The highest risk comes from training rights, revocation and retention terms and shared liability, the blog said.

Imprecise language can be legally problematic, especially when it comes to things like training rights, as other laws like the Health Insurance Portability and Accountability Act (HIPAA) can more strictly regulate protected health information (PHI), Maguregui and Hennessy said. Clarity about "whether the data is identifiable or de-identified, what de-identification method is being used, and whether the outputs of that training are limited to the specific client’s model or can be used across your entire platform" is needed.

Additionally, "too many AI contracts are silent on what happens to data, models, and outputs after a contract is terminated." This "creates risk on both sides," said the lawyers. It's therefore crucial to "define whether rights to use data or model outputs survive termination, and under what conditions."

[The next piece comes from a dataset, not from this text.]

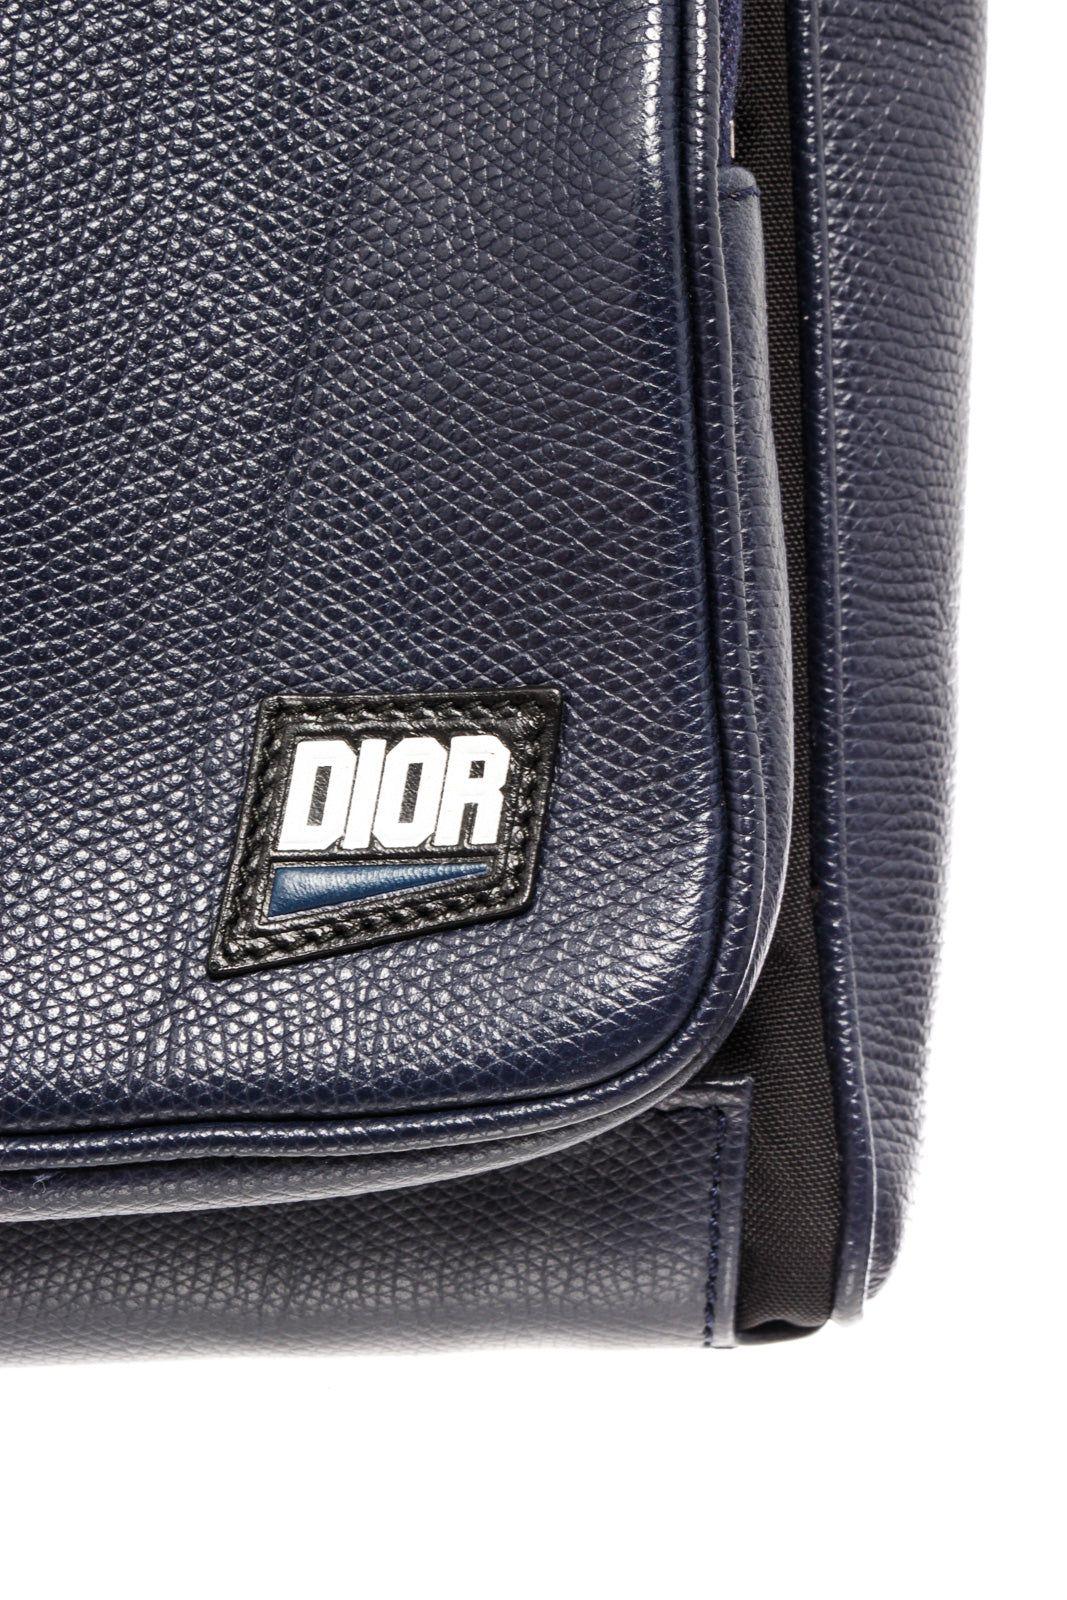 Black and blue leather Dior Homme messengers crossbody bag with silver-tone hardware, one zipper pocket at front, black adjustable straps, and black suede interior lining.



50973MSC

"If you want to retain the ability to use data or trained models post-termination, that should be an express, bargained-for right," the lawyers said. "If not, you must be prepared to unwind that access, destroy any retained data, and potentially retrain models from scratch."

Liability allocation is often overlooked in health contracting, despite risk on both sides, Maguregui and Hennessy added. One way to combat this is requiring clients to have proof of "appropriate authorizations or consents under applicable laws," while uses of client data are "clearly articulated in the agreement." Moreover, indemnity provisions in contracts can help with third-party liability, they said.

Data terms "are a core part of your business model, your compliance posture, and your defensibility in the market," the lawyers said. "For AI vendors, the goal should be to build trust through transparency."